Литмир - Электронная Библиотека
A
A

Летом того же года я ехал этапом из Калинина через московскую, рузаевскую, куйбышевскую и ташкентскую пересылки в Джамбульскую область, где, как мне объяснили авторитетно, я буду пребывать до конца своих дней, если кто-то не решит загнать меня еще дальше. «Ведь, по идее, вы не должны быть так близко от Узбекистана».

…Ташкентская пересылка пятьдесят первого года, наглухо закрытые бараки, где, видимо, битком набито. Зной, бьющий по крышам этих бараков, пустые аллеи, клумбы вровень с крышами бараков, розы и хризантемы размером в чайник, гладиолусы, ирисы, астры, опять розы, розы, розы.

Нас, транзитников, в барак не загнали. Мы сидели под огромным карагачем, в тени.

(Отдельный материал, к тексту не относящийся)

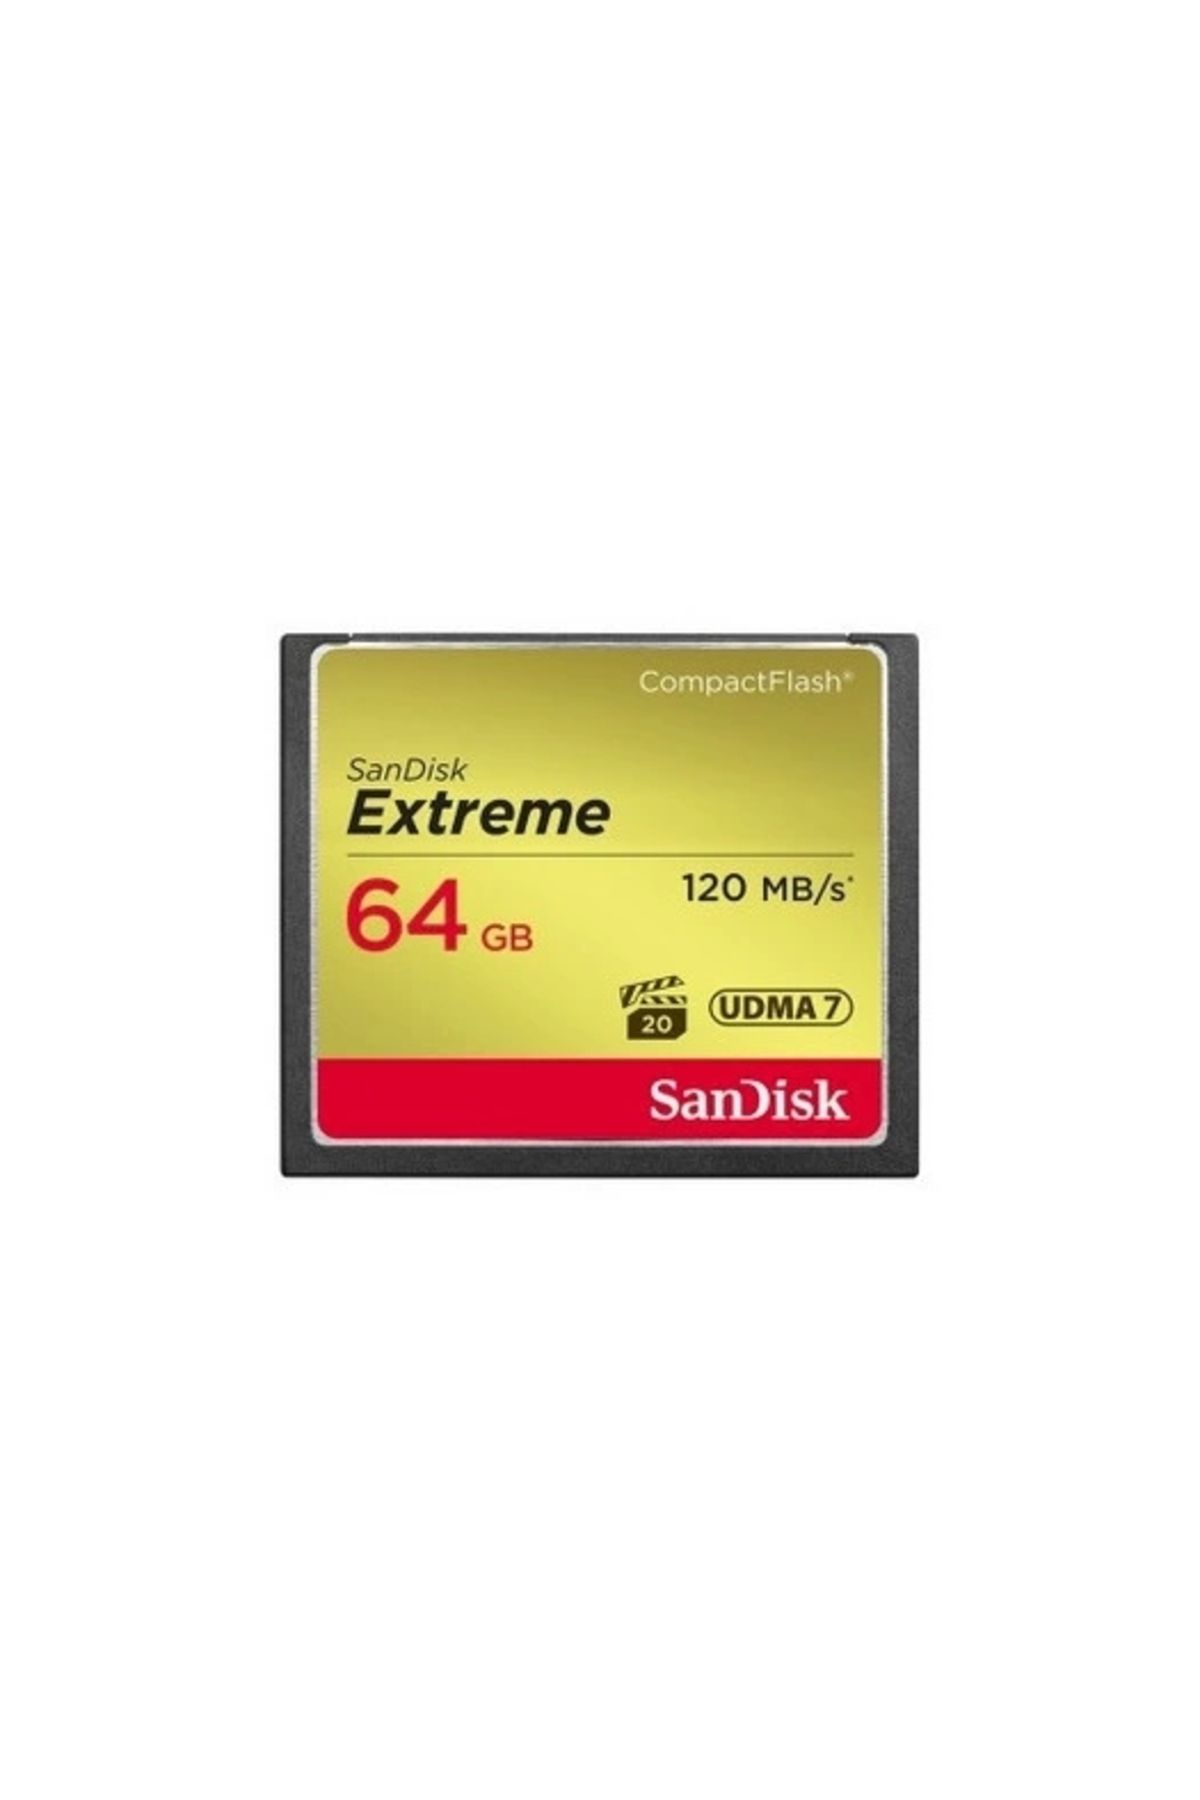 Sandisk Extreme Cf 120mb/s, 85mb/s Write, Udma7, 64gb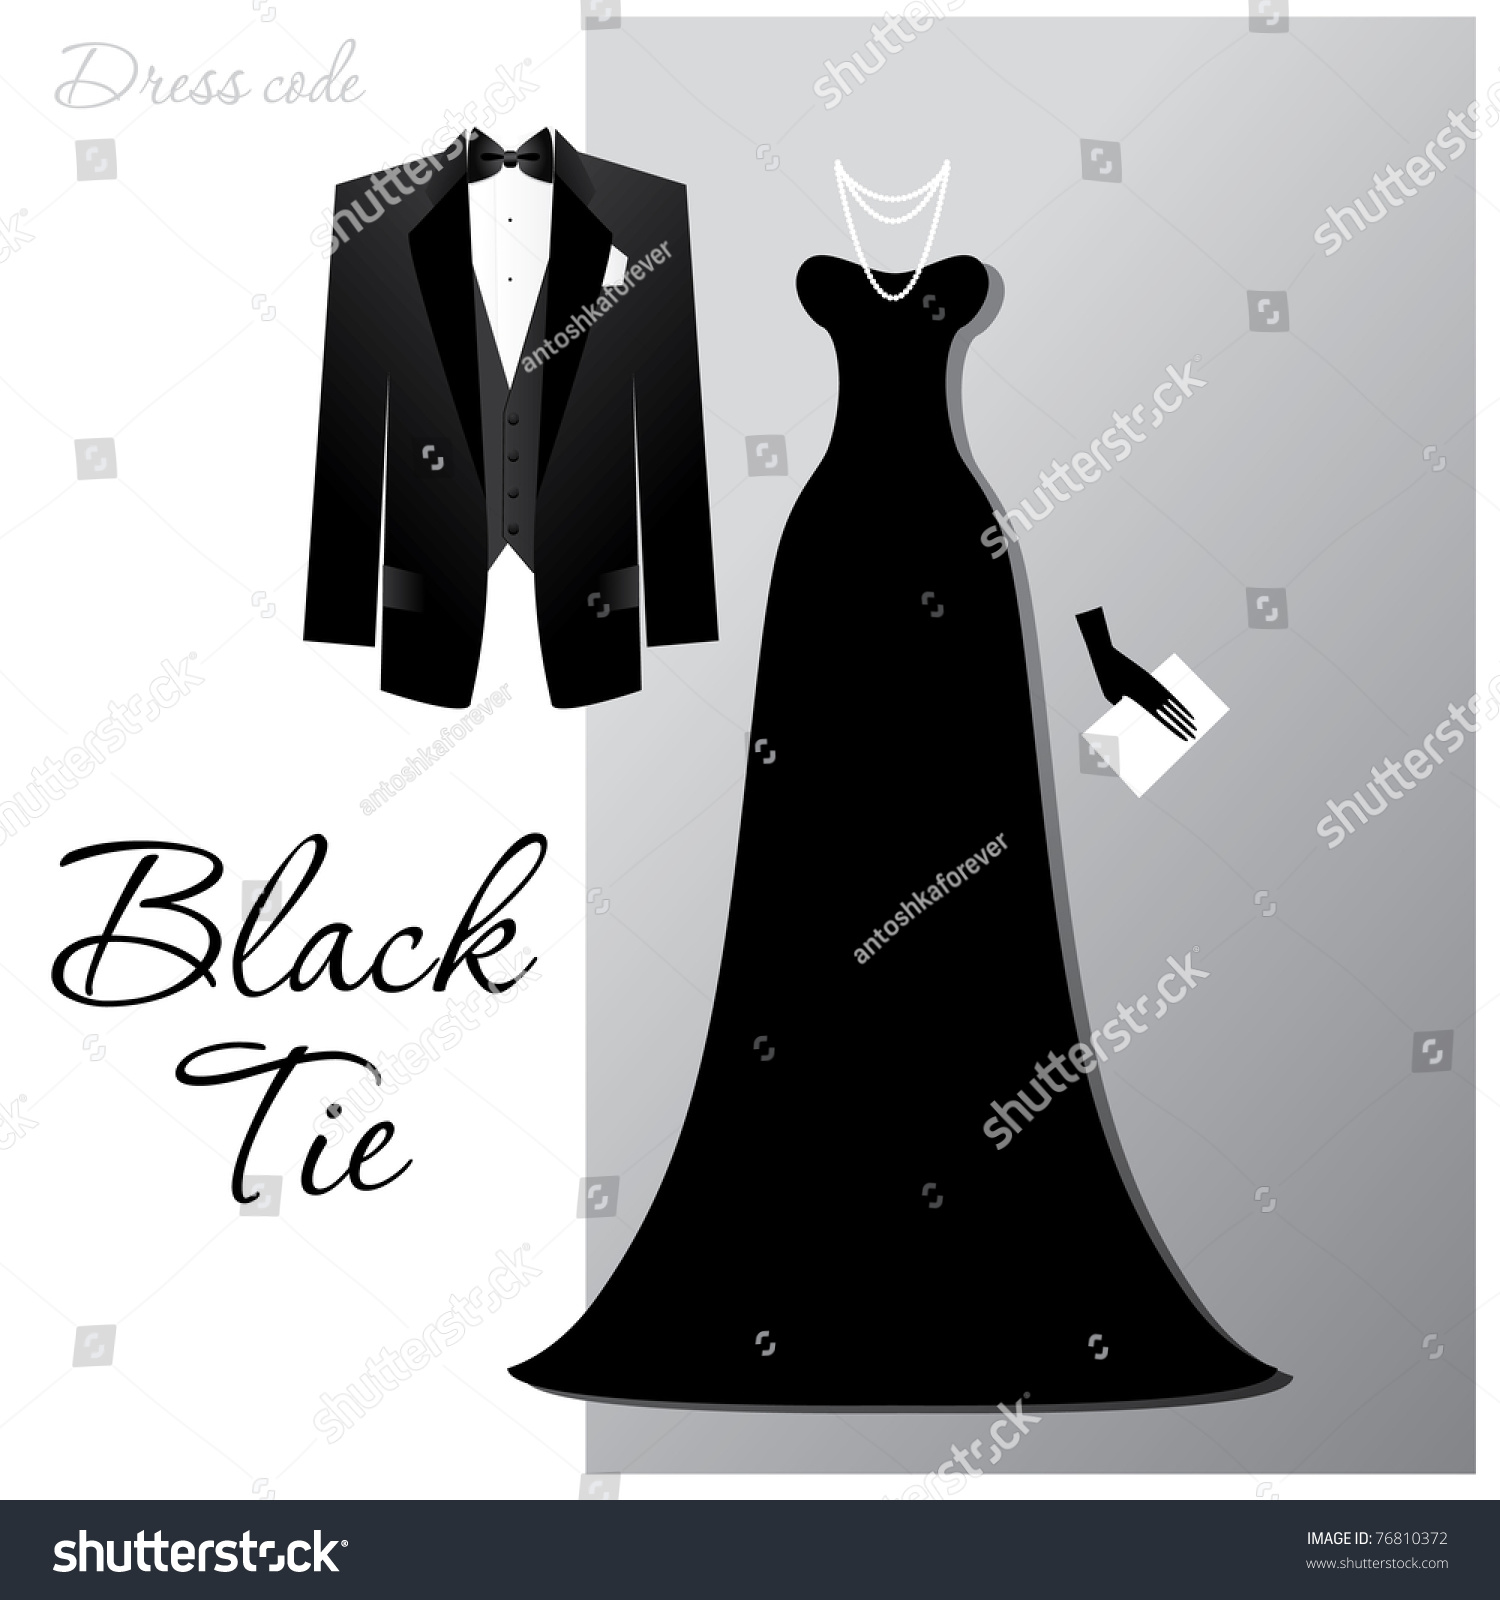 black and white ball dress code

Кто-то сказал, что часам к семи поведут на вокзал к поезду Джелалабад — Фрунзе, там идет вагонзак, столыпинский, как его называли очень долго после того, как самого Столыпина не только убили, но и забыли.

Я почти не помню товарищей по этому этапу. Они менялись часто. Распихивали нас по разным камерам, по разным купе (не знаю, как назвать эти камеры в вагоне). Врезалось только, что в том этапе люди часто теряли сознание. Лето было жаркое. Так, по дороге с Ташкентского вокзала потерял сознание здоровенный широкоплечий крымский татарин, получивший четвертак за побег с места поселения.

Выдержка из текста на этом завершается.